The major minerals in the garnet amphibolite CM20-2 (Fig. 6a and b) are amphibole and garnet. Plagioclase, quartz, magnetite, spinel, rutile, and titanite are minor phases and zircon occurs as an accessory phase. The garnet amphibolite is cut by a vein consisting of coarse-grained clinozoisite and rutile (up to 5 mm, Fig. 6b). Garnet is found as centimetre-sized porphyroblasts, which are strongly altered and replaced by amphibole (Fig. 6a). Amphibole occurs as hypidiomorphic to xenomorphic grains that form the matrix and show colours of yellow-green, green, green–blue and blue (Fig. 6a and b). Minor plagioclase occurs between the vein and host rock and in the matrix (Fig. 6b). Matrix rutile is found as single grains or is intergrown with ilmenite. Magnetite, ilmenite and spinel are found as intergrowths in the matrix. (Fig. 6d). Vein rutile is intergrown with ilmenite and partly shows a micrometre-sized seam of titanite (Fig. 6c).

Fig. 6

Thin section images of garnet amphibolite CM20-2 a Overview showing large, decomposed garnet porphyroblasts in a matrix of amphibole grains; plagioclase, rutile, ilmenite, magnetite and spinel occur in the matrix. b The rutile-clinozoisite vein (right side) with plagioclase between vein and host rock (left). c BSE image of vein rutile which is partly intergrown with ilmenite and shows a micrometre-sized seam of titanite. d BSE image of magnetite-ilmenite-spinel intergrowth

We interpret that this sample underwent amphibolite-facies metamorphism represented by the assemblage of amphibole and (minor) plagioclase coexisting with garnet and rutile. This sample shows no petrographically evidence of prior eclogite facies metamorphism.

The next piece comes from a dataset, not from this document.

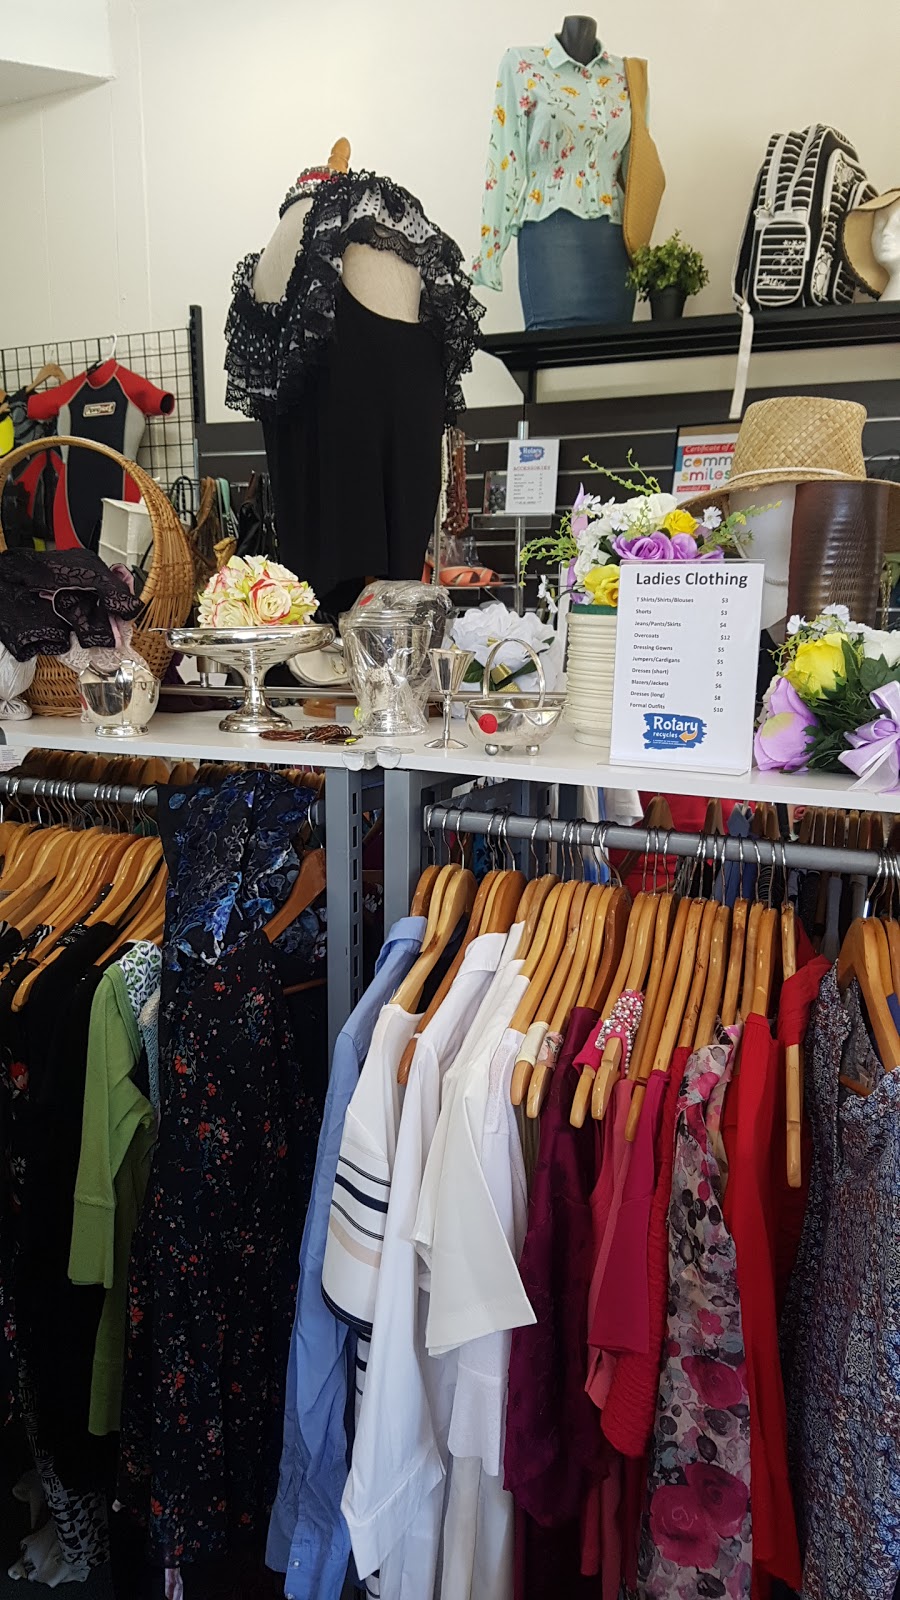 Rotary Recycles OP Shop | store | 156 Great Western Hwy, Blaxland NSW 2774, Australia

Metarodingites CM20-6 & CM20-12 (Fig. 7a–c) have comparable mineralogy with garnet, clinopyroxene, and amphibole as major minerals. Minor phases of sample CM20-6 comprise ilmenite and titanite whereas CM20-12 shows magnetite, spinel, and apatite as minor phases. Zircon occurs as an accessory phase in both samples. CM 20-6 is cut by a vein consisting of large rutile grains (1–4 mm, Fig. 7b) which are intergrown with ilmenite and rimmed by titanite.

Fig. 7

Thin section images of metarodingites CM20-6 and CM20-12 and metasediment CM20-8. a Overview of CM20-6 showing fine-grained matrix of garnet and clinopyroxene. The image in the upper right corner shows clinopyroxene rims replaced by amphibole. b Vein in sample CM20-6 containing rutile intergrown with ilmenite and rimmed by titanite. c Overview of CM20-12 showing massive garnet aggregates and the fine-grained matrix of garnet, clinopyroxene and spinel. The upper left image shows the matrix enlarged. d Overview image of CM20-8 showing clinopyroxene, carbonates, apatite, and titanite between massive garnet

Sample CM20-6 is a fine-grained rodingite with abundant garnet and clinopyroxene in the matrix. Clinopyroxene rims are replaced by amphibole (Fig. 7a). Sample CM20-12 is microtexturally different, with large garnet aggregates in a fine-grained matrix of garnet, clinopyroxene, and amphibole (Fig. 7c).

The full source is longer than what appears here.